*Task to carry out*: All the lines below should appear again unchanged, though their pictures should not.

*Data section*:
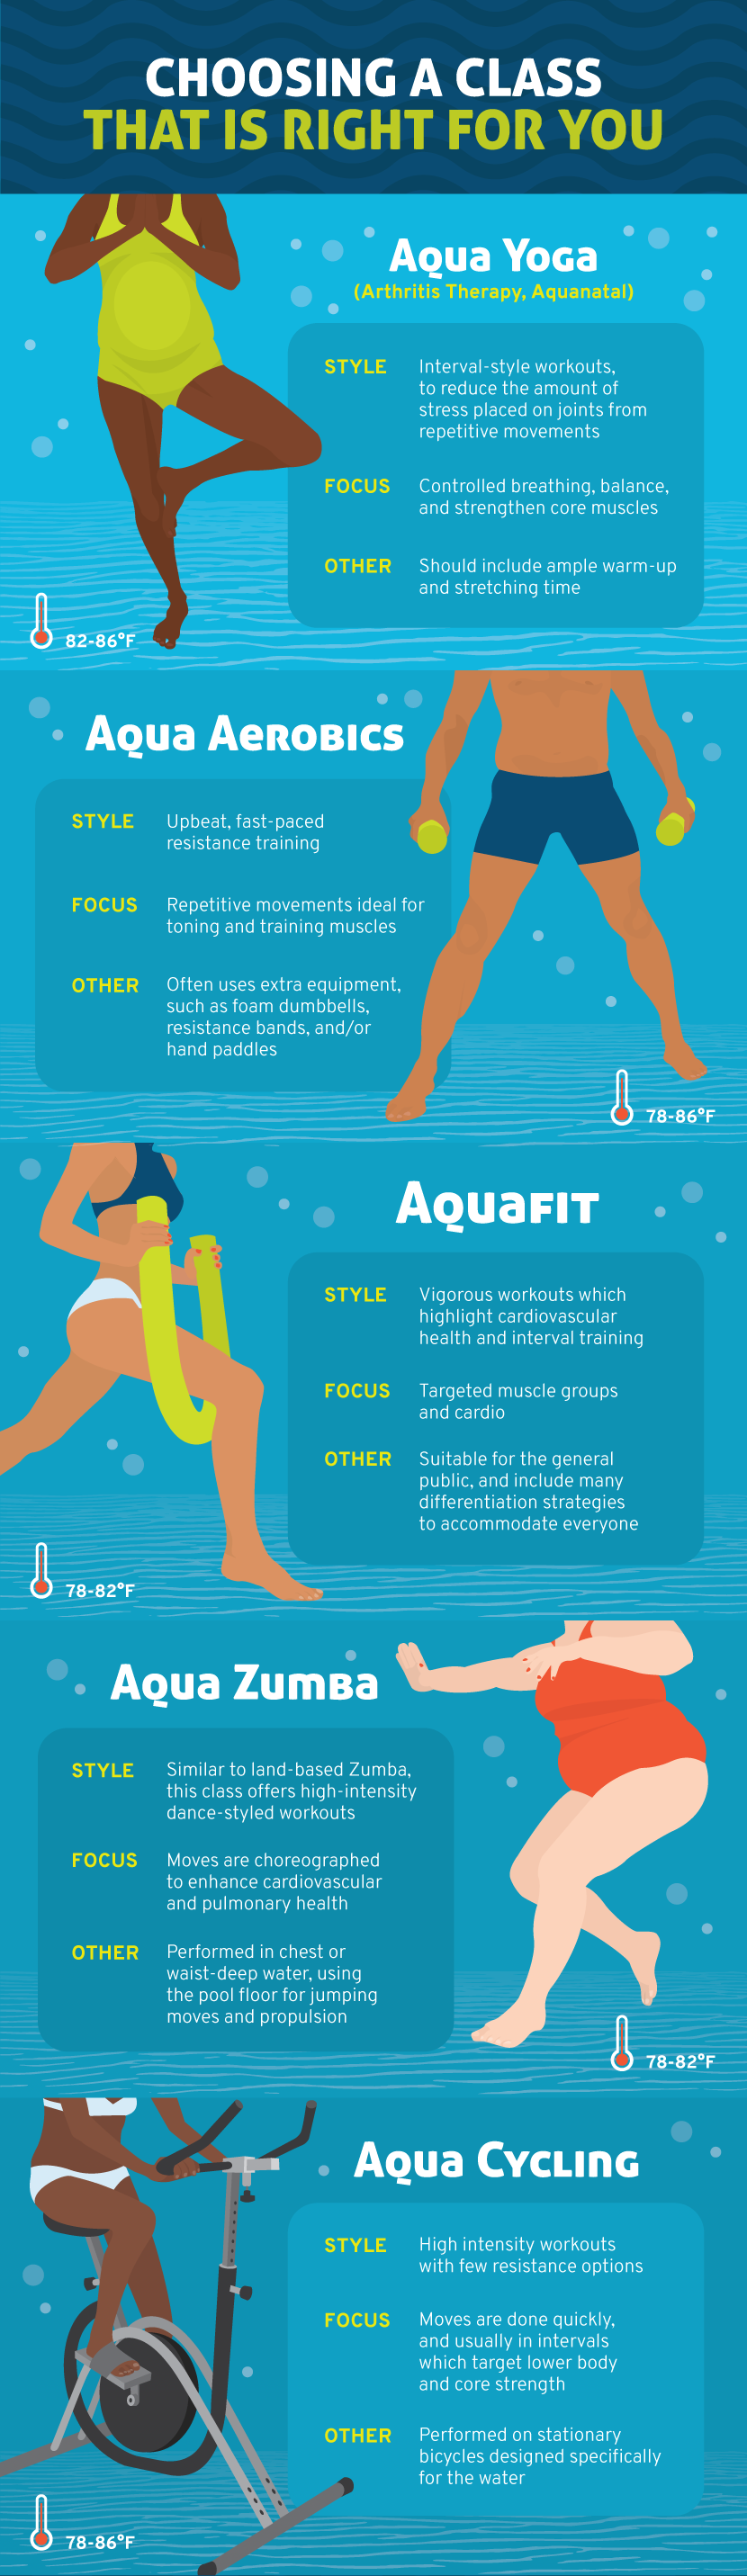 The Benefits of Regular Aquafit Sessions
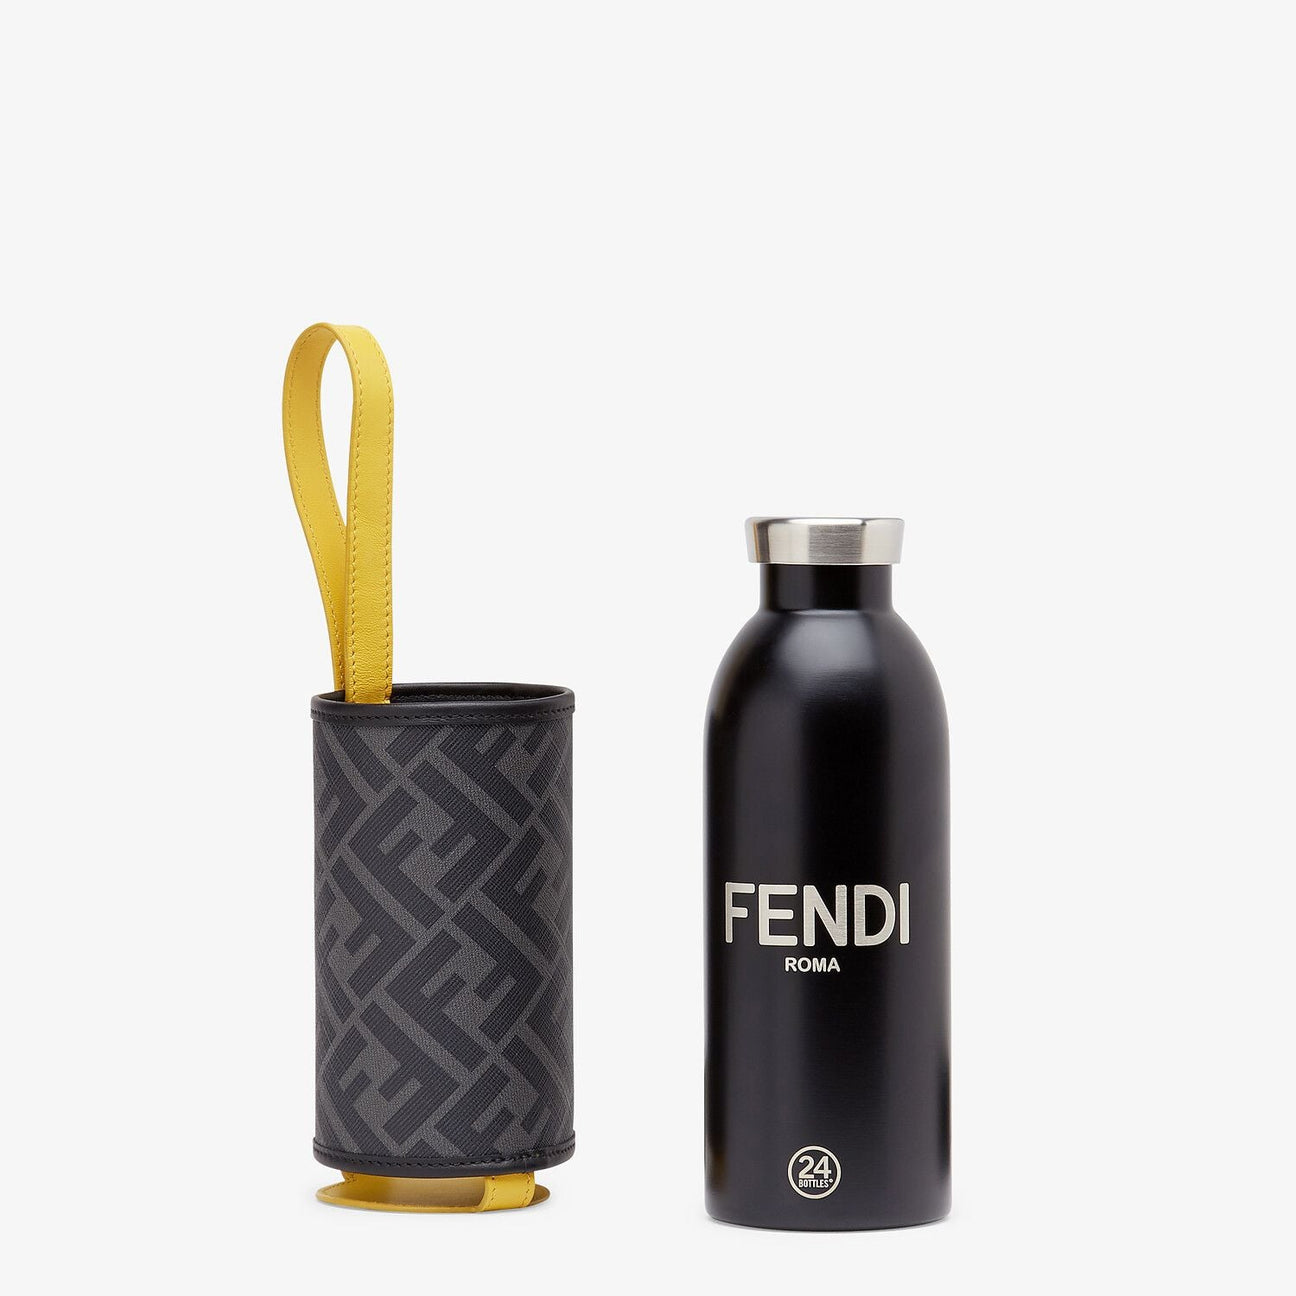 FENDI x 24Bottles: insulated bottles made of stainless steel, not aluminium
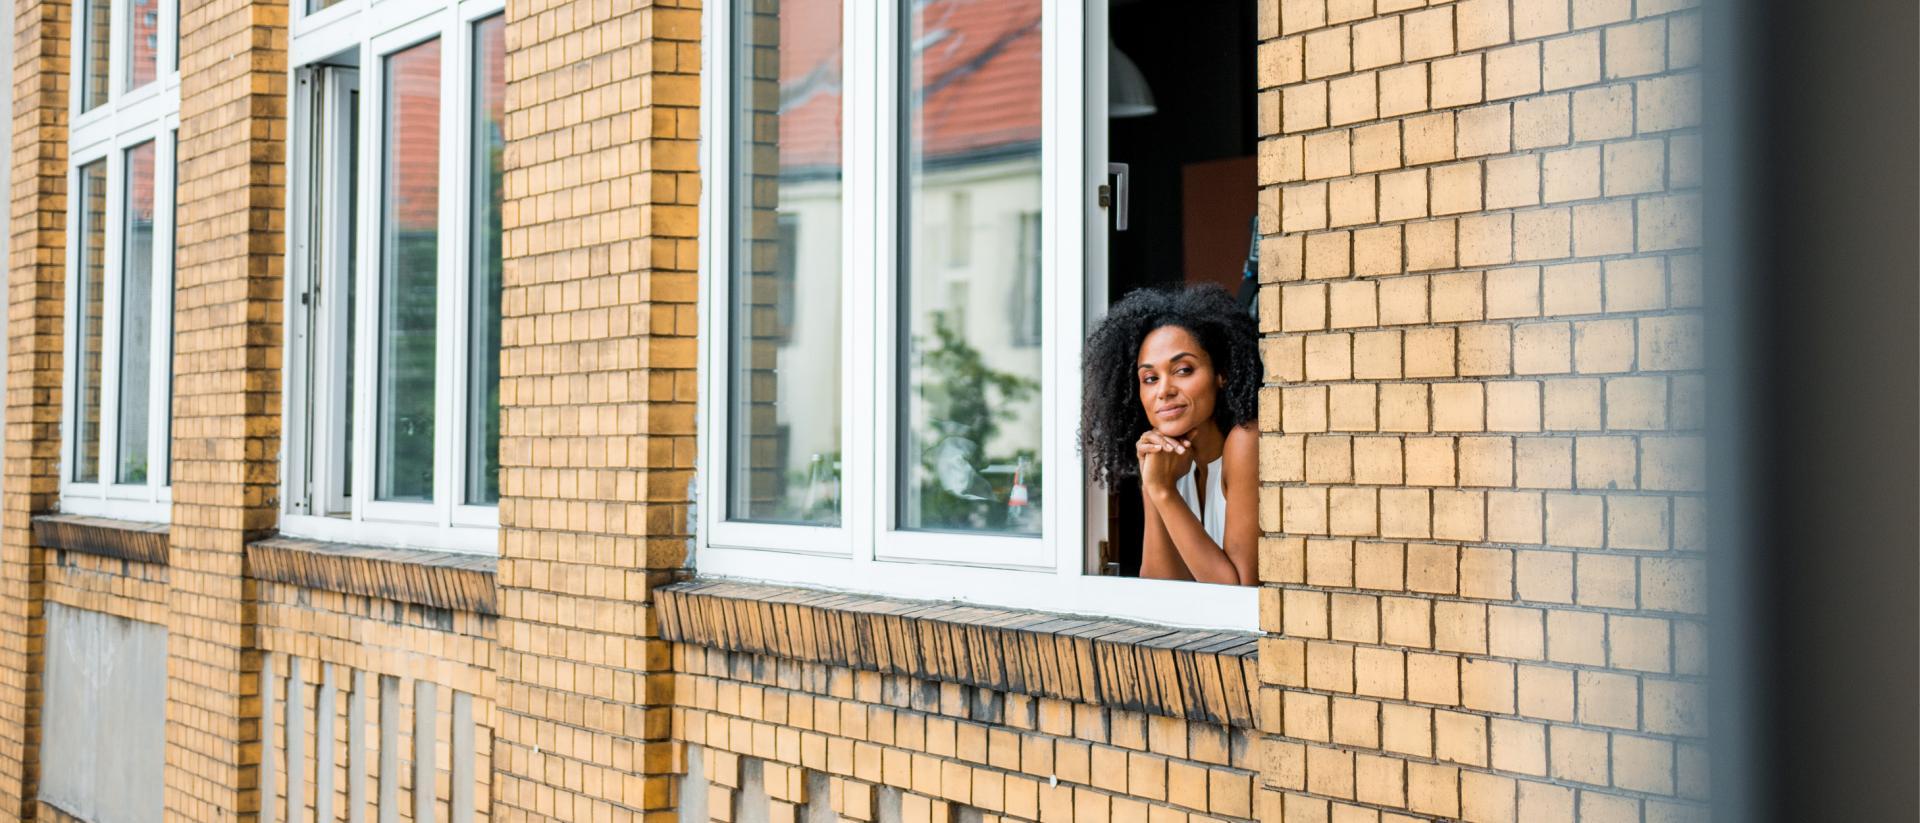 En kvinna står vid fönstret och tittar utåt

*Answer to this problem*:
 The Benefits of Regular Aquafit Sessions
 FENDI x 24Bottles: insulated bottles made of stainless steel, not aluminium
 En kvinna står vid fönstret och tittar utåt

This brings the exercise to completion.